Se señala también que las opciones de manejo, como el sitio (costa / costa afuera), el tamaño del mercado y las siembras tendrán un efecto general mayor que el cambio proyectado en el clima.

EFECTOS DEL CAMBIO CLIMÁTICO, RIESGOS Y OPORTUNIDADES

Gran parte de los factores climáticos, apunta Climefish, no han podido ser modelados debido a la baja disponibilidad de datos y la comprensión todavía muy incompleta del mecanismo a través del cual afectan a la acuicultura. Aun así, las simulaciones disponibles muestran que, en general, el efecto de la temperatura y la velocidad del viento, que son los impulsores climáticos considerados, tendrán un efecto positivo en el crecimiento tanto en el caso de la lubina europea como de la corvina, si bien pueden inducir, también, tasas de mortalidad más altas. La intensidad de este efecto, añaden, estará influenciada por las opciones de manejo, con especial importancia en el momento de la siembra. Las principales amenazas se relacionan con los impactos climáticos estudiados en la evaluación de riesgos; siendo la más grave aquella relacionada con la salud y la supervivencia de los peces, así como con algunos indicadores de producción y los costes asociados.

Las temperaturas más altas tienen, así, el potencial de promover el crecimiento de peces y aumentar la capacidad de producción a nivel de granja, además de permitir el cultivo de nuevas especies de aguas cálidas.

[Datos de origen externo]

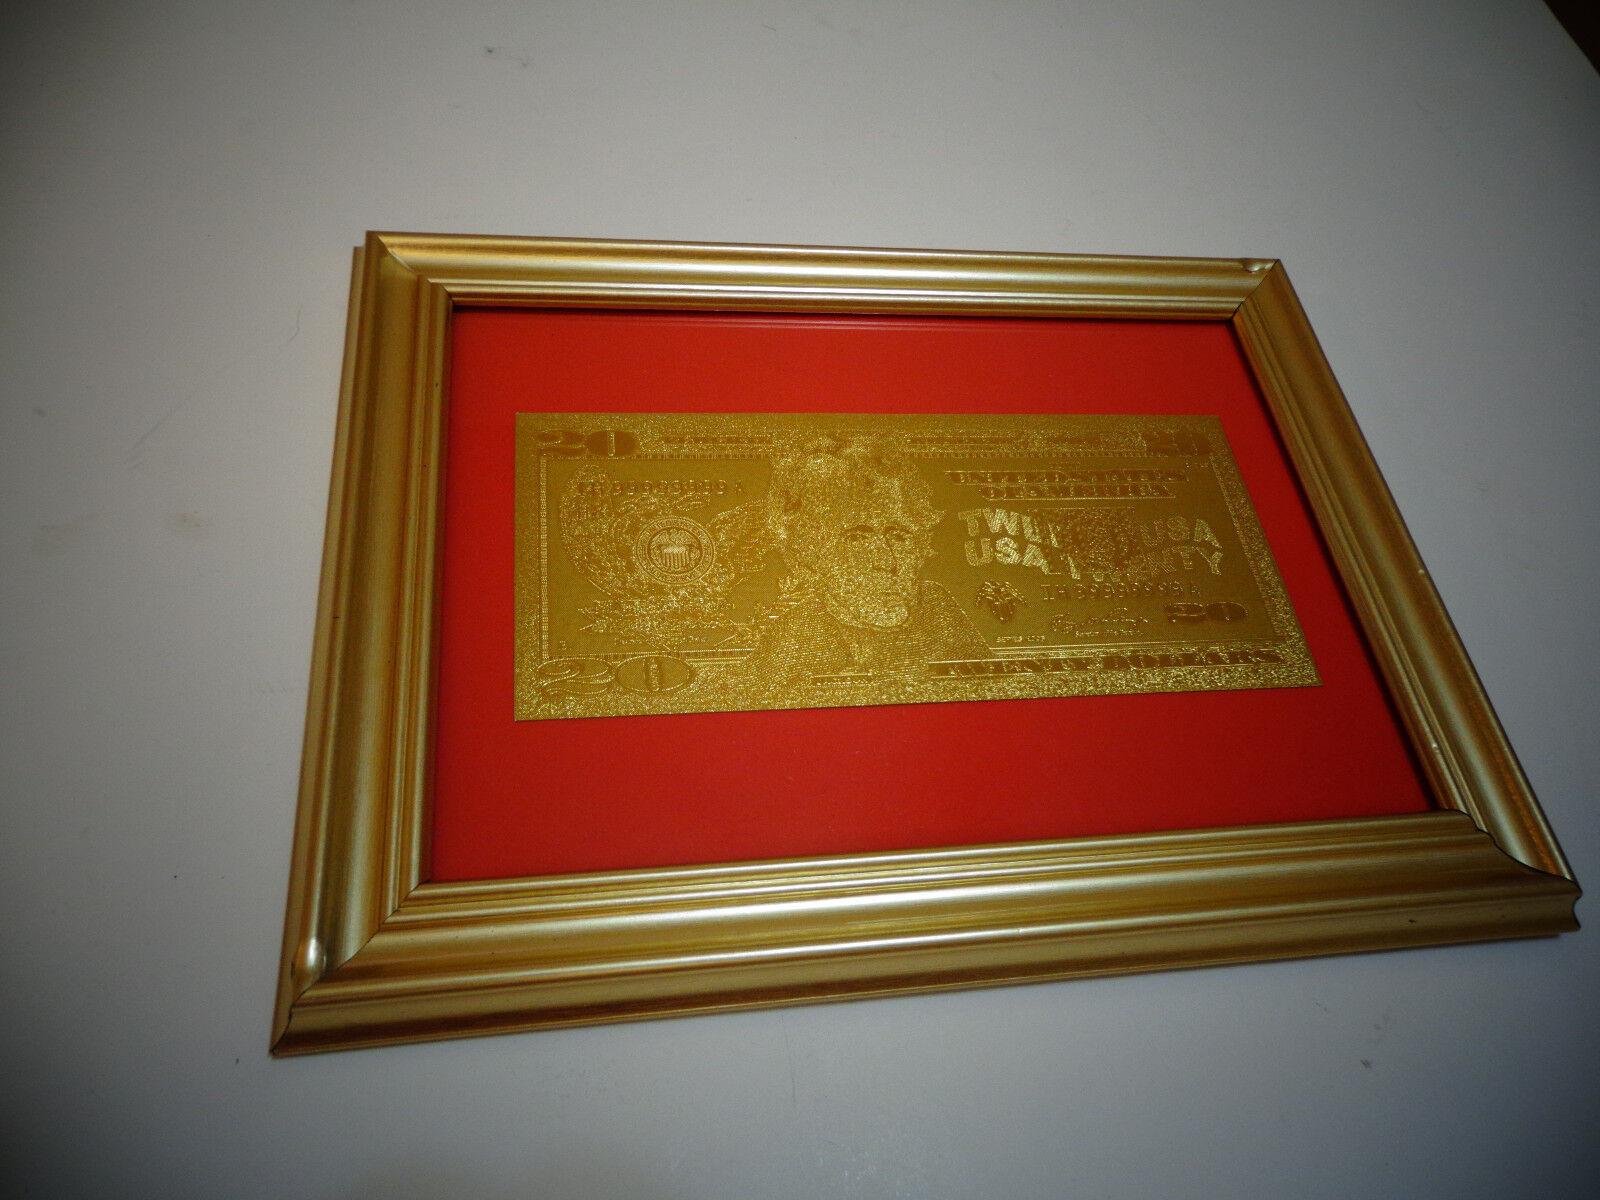 24 karat 99.9% gold usa *2009 *$20 dollar bill -framed- limited production, rare

Sin embargo, problemas como las irregularidades en el crecimiento, la disminución de la salud de los peces, el aumento de la presencia de patógenos, la disminución de la calidad del agua, el incremento de las tasas de mortalidad, la idoneidad del sitio de la granja y el aumento de los precios de los piensos se han identificado como posibles riesgos derivados del cambio climático que pueden tener consecuencias sustanciales para la industria.

La estrategia de adaptación, establecida para Grecia por Climefish, se extiende a tres niveles, al sugerir (1) medidas de adaptación a nivel de la industria, (2) recomendaciones en el ámbito de las políticas  públicas, e (3) identificación de brechas existentes de investigación y conocimiento.

A nivel de la industria, varias medidas apuntan a aumentar la colaboración entre granjas y preparar a la industria para futuros cambios en las  mismas, así como a niveles de organización más amplios (zonas de desarrollo). Las recomendaciones de políticas se centran en establecer un marco legal flexible para el funcionamiento de las granjas y la designación de nuevos sitios, así como también en la inversión en programas de cría selectiva y nuevas tecnologías acuícolas. El nivel de investigación incluye la creación de conocimientos sobre los mecanismos biológicos implicados en la respuesta a las altas temperaturas y a otros factores asociados al cambio climático.

Por lo que respecta a los resultados socioeconómicos se señala que predecirlos plantea un reto debido a la naturaleza diversa de los factores que afectan la producción (aspectos económicos, legislativos, técnicos, y ambientales). La industria, se añade, “tiene la capacidad de adaptarse al cambio climático al mitigar las amenazas más graves y beneficiarse de las oportunidades emergentes; y, por lo tanto, crecer de manera sostenible si se implementan las medidas de adaptación identificadas”. Un elemento clave para la adaptación exitosa al cambio climático, concluyen, “es la colaboración entre todos los interesados a nivel de la industria, la academia y la administración”.